Scifi-preneurship
SciFi-preneurship examines how science fiction inspires people to create things that impact our lives today. In SciFi-preneurship, we’re used an expanded definition of entrepreneurship: we don’t just mean Silicon Valley startup founders; we’re talking to people who make things, especially things that are shaping our future. I did this work with Phil Libin in 2019 and it featured Peter Eckersley, who I ended up co-founding the AI Objectives Institute with.

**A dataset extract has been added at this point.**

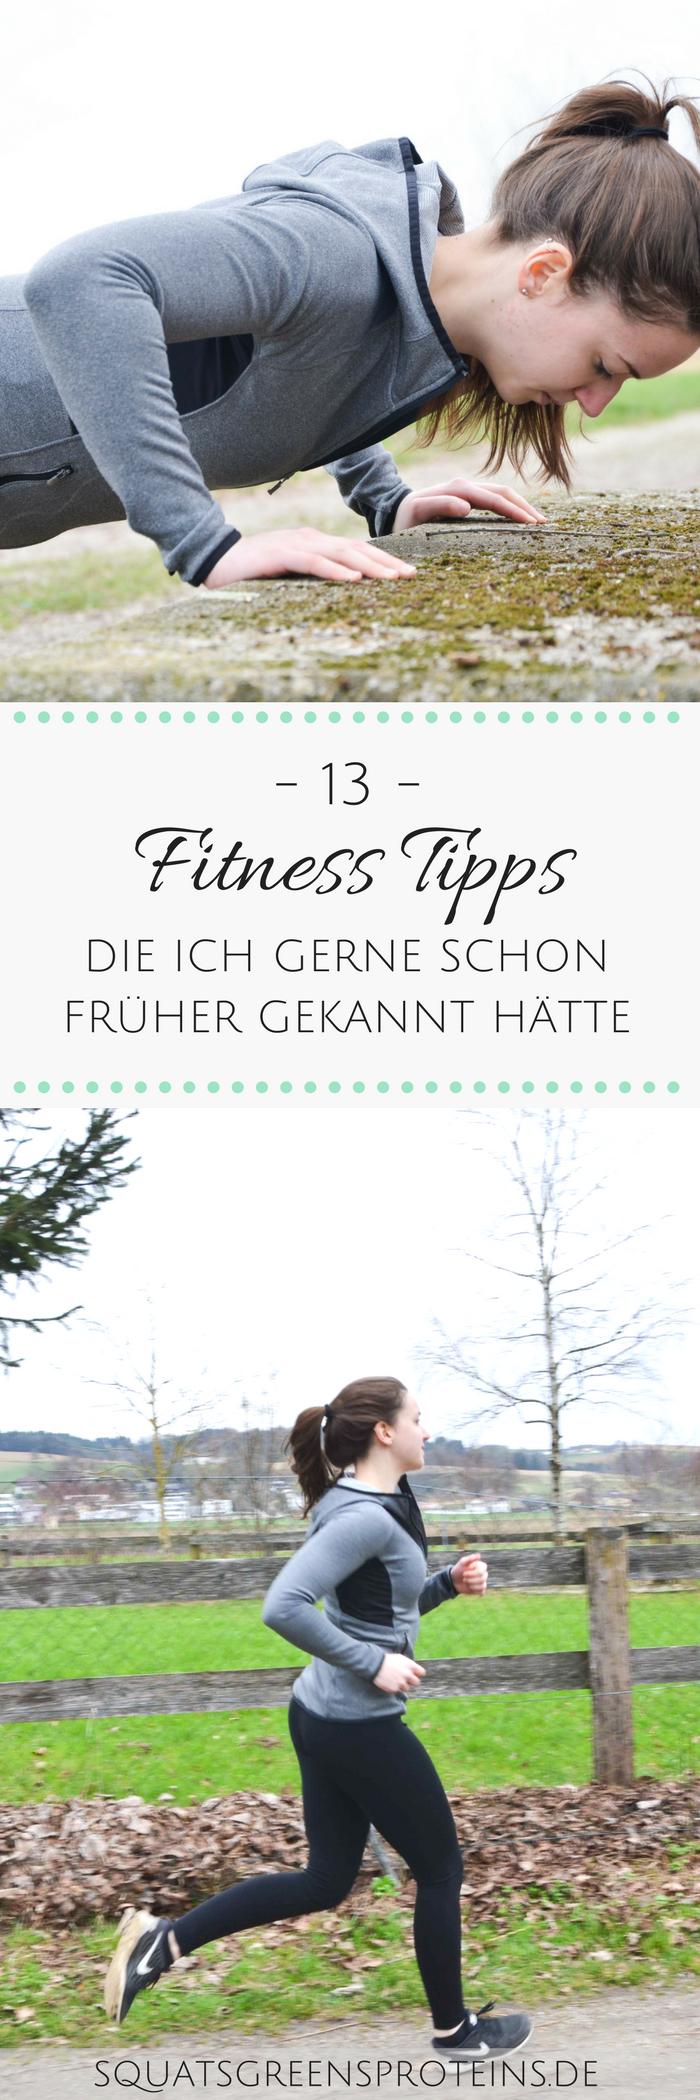 Photo of 13 Fitnesstipps, die ich gerne mit 17 gekannt hätte – Anfängerfehler im Sport – Squats, Greens & Proteins by Melanie

Below are some of my favorite episodes.
The Matrix
Guests: Writer/director Emily Dean, Partnership on AI research director Peter Eckersley (and my co-founder at the AI Objectives Institute), and MIT Media Lab’s Dan Novy
The impact of the The Matrix on science fiction is difficult to overstate, but beyond the genre itself, it also deeply affected the viewers whose worldviews were made askew. Three of those viewers are featured in today’s episode to talk about their reactions to the film and the ways in which it contributed to the work they do now: writer/director Emily Dean, Partnership on AI research director Peter Eckersley (and my co-founder at the AI Objectives Institute), and MIT Media Lab’s Dan Novy
“Don’t let your AI copy itself in an unbounded way... You don’t want to fight 10,000 copies of Hugo Weaving simultaneously, because though they get away with it in the film... in real life you’re always going to lose that fight.”
Snow Crash
Guests: Dr. Christine Corbett Moran, Veronica Belmont, Peter Eckersley, Joe Betts-LaCroix, and Sophia Brueckner
In the Metaverse, a shared virtual reality space, a character wrestles with a computer-crashing virus that also causes harm in the real world. Thus begins Snow Crash, a Neal Stephenson novel that, when written in 1992, described futuristic systems that eventually became reality. Snow Crash’s impact is so significant that this episode has a record number of guests who wanted to discuss it.